Person re-identification -- the task of recognizing a person separated in location and time, has emerged as an important application of multi-camera surveillance systems. Despite algorithmic advances \cite{gheissari2006person,farenzena2010person,zheng2011person} built upon traditional computer vision imaging systems, person reidentification remains a difficult problem due to various challenges, including variations in illumination conditions, pose and viewpoints. Advances in this area include pose, viewpoint and illumination invariant feature extraction \cite{gheissari2006person,farenzena2010person}, as well as the design of appropriate similarity metrics. A majority of these methods take into account global appearance of a person, such as a weighted color histogram \cite{farenzena2010person}. Local spatial information is often extracted by analyzing cropped regions around the face \cite{dantcheva2011frontal}. 

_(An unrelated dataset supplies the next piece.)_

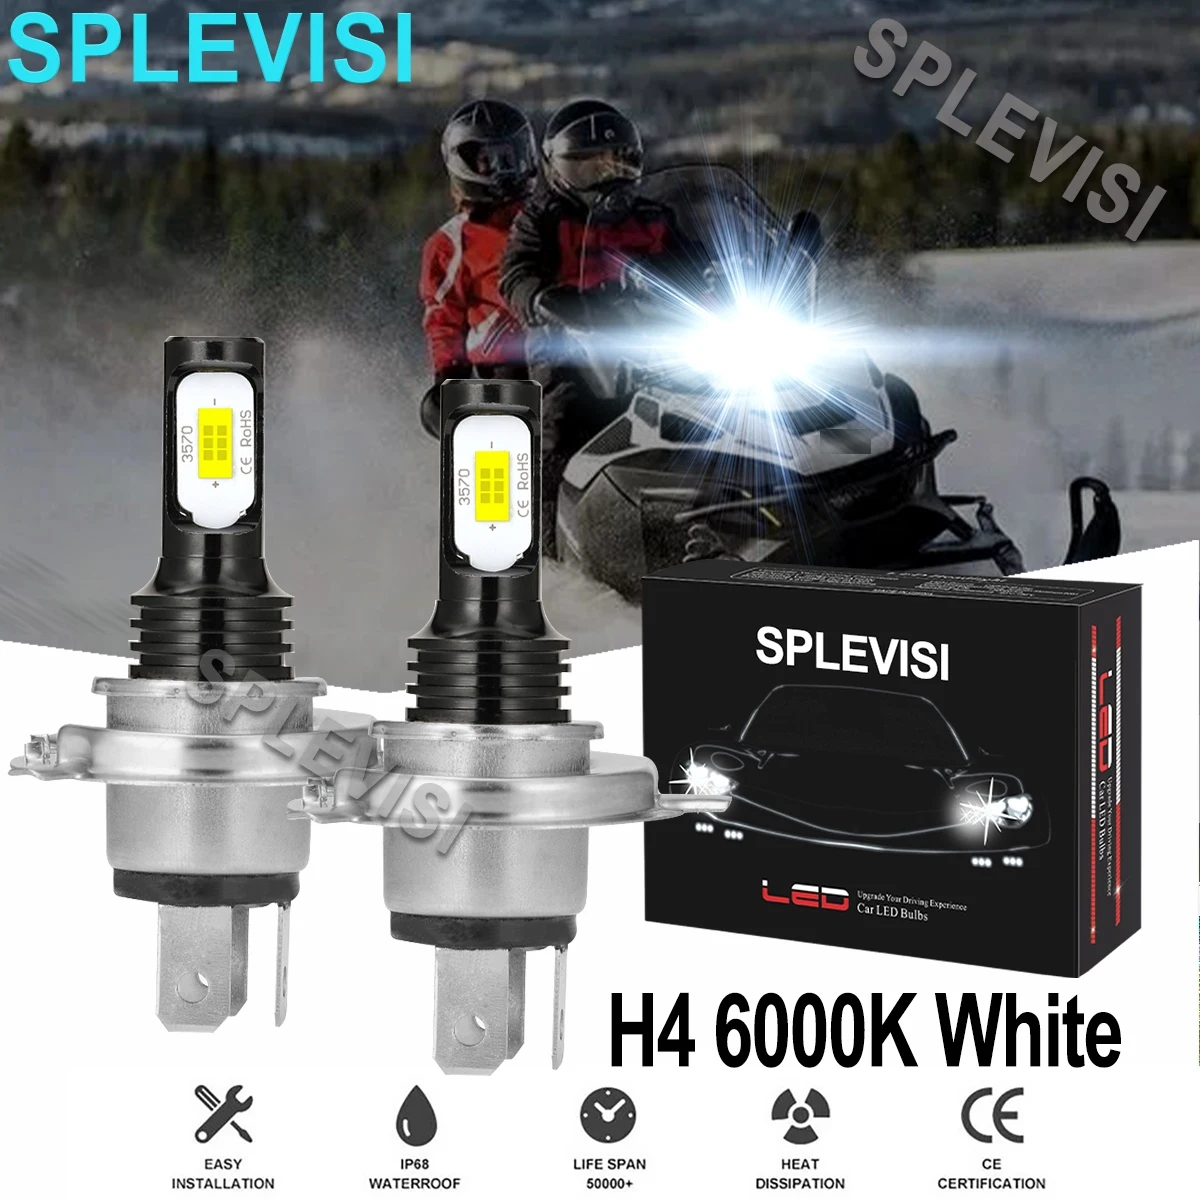 2x 70W White LED Headlights For Skidoo Touring 1994-2020 Backcountry 850 Etec 2018 2019 Expedition 2005-2019 Tundra 1993-2019

In this paper, we assert that hyperspectral imagery is potentially very beneficial for the task of person re-identification in a multi-camera surveillance scenario --- specifically, spectral content can serve as a powerful descriptor that can be used by itself or in conjunction with classical spatial and statistical features derived for re-identification. The spectral reflectance \emph{signature} will demonstrate variability across materials (e.g. clothing) and across skin between different people. While it is expected that traditional computer vision imaging systems can characterize differences in clothing and other traditional descriptors, which may be highly separable between people in the visible wavelength regime, subtle differences due to individual skin physiology can be better characterized by hyperspectral imagery. 
With this in mind, we developed a pilot study and acquired hyperspectral imagery from fifteen subjects in the visible and very near infrared region of the electromagnetic spectrum at two different locations and at different times of the day (morning versus afternoon). We utilized a simple distance metric appropriate for hyperspectral data and reported re-identification performance using spectral features derived from superpixel patches over the skin, to demonstrate the efficacy of such data for person reidentification. This was compared with reidentification undertaken with color imagery.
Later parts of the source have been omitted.